Risk models are also less useful when a situation is changing as rapidly as it is now due to the pandemic. Take, as an example, two contrasting restaurants. Under lockdown, a fine-dining restaurant is unlikely to experience any business, whereas a pizza delivery chain may see an increase in trade as people stay at home. When lockdown eases, however, and restaurants are allowed to reopen (but with strict social-distancing and cleaning measures in place), the situation then is quite different.
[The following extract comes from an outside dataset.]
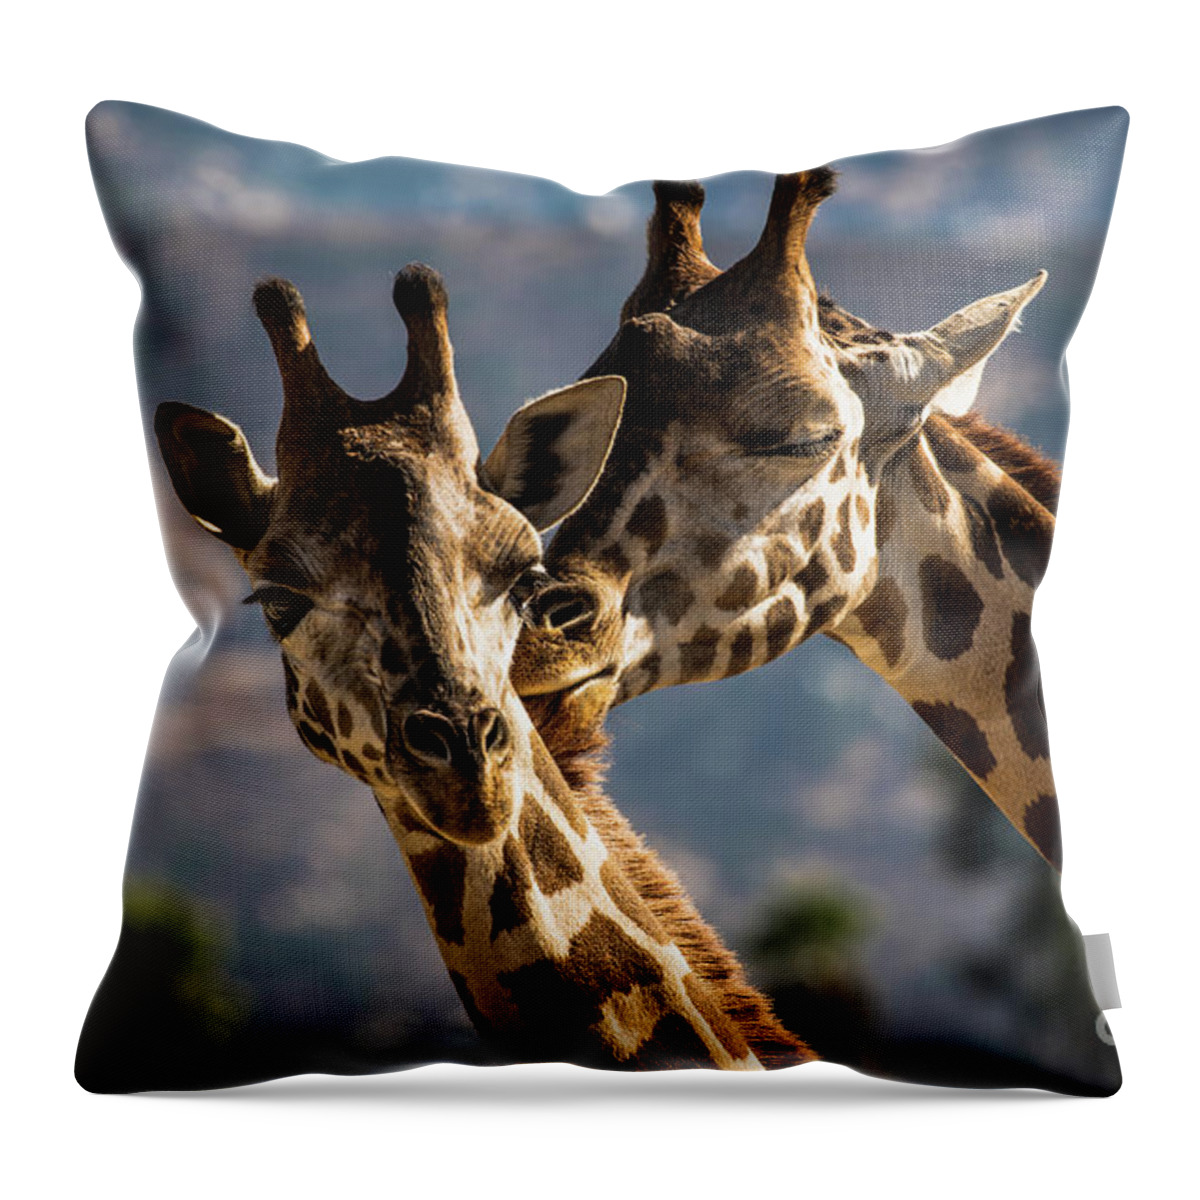  Throw Pillow featuring the photograph A Romantic Moment by Julian Starks

The formerly empty fine-dining restaurant, which had always spaced customers far apart with a lengthier turnaround service, is now experiencing a surge in reservations as many diners look to make their first meal out in months “special”. Meanwhile, the pizza chain may see demand for deliveries shrink slightly as people rush to enjoy the outdoors and take advantage of their freedom. This is also in a context where we are seeing unprecedented government support of the economy.
A situation like this is so dynamic and ever-evolving that banks need to be able to rerun scenarios on loans on a regular basis, using new, real-time data as they receive it.
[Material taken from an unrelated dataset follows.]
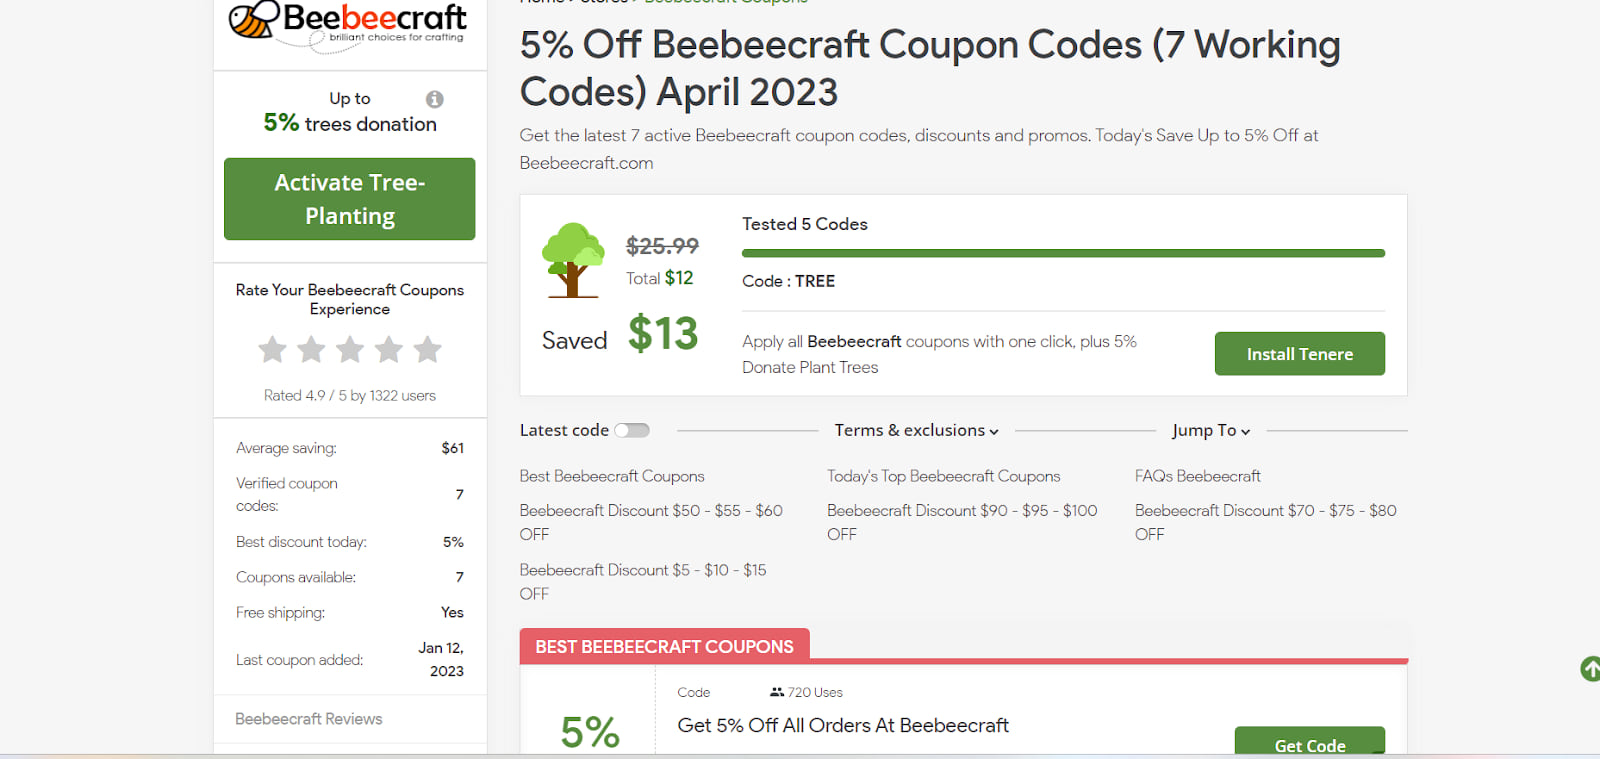 How To Use Beebeecraft coupon code 1

Lending models will also need to provide an understanding of the portfolio at the granular-loan level, taking into account the individuality of each business and how metrics such as their cashflow may be affected by the crisis. A luxury boutique that specialises in made-to-measure gowns is likely to see its revenues obliterated as few customers would have an occasion to wear one of its creations. E-commerce businesses that specialise in yoga wear, by contrast, may see a substantial increase as customers practise more yoga at home and order more online.
As the consultancy McKinsey has noted in its report on lending after Covid-19, “to evaluate creditworthiness properly… banks must go beyond analyses of sectors or subsectors and assess individual borrowers.”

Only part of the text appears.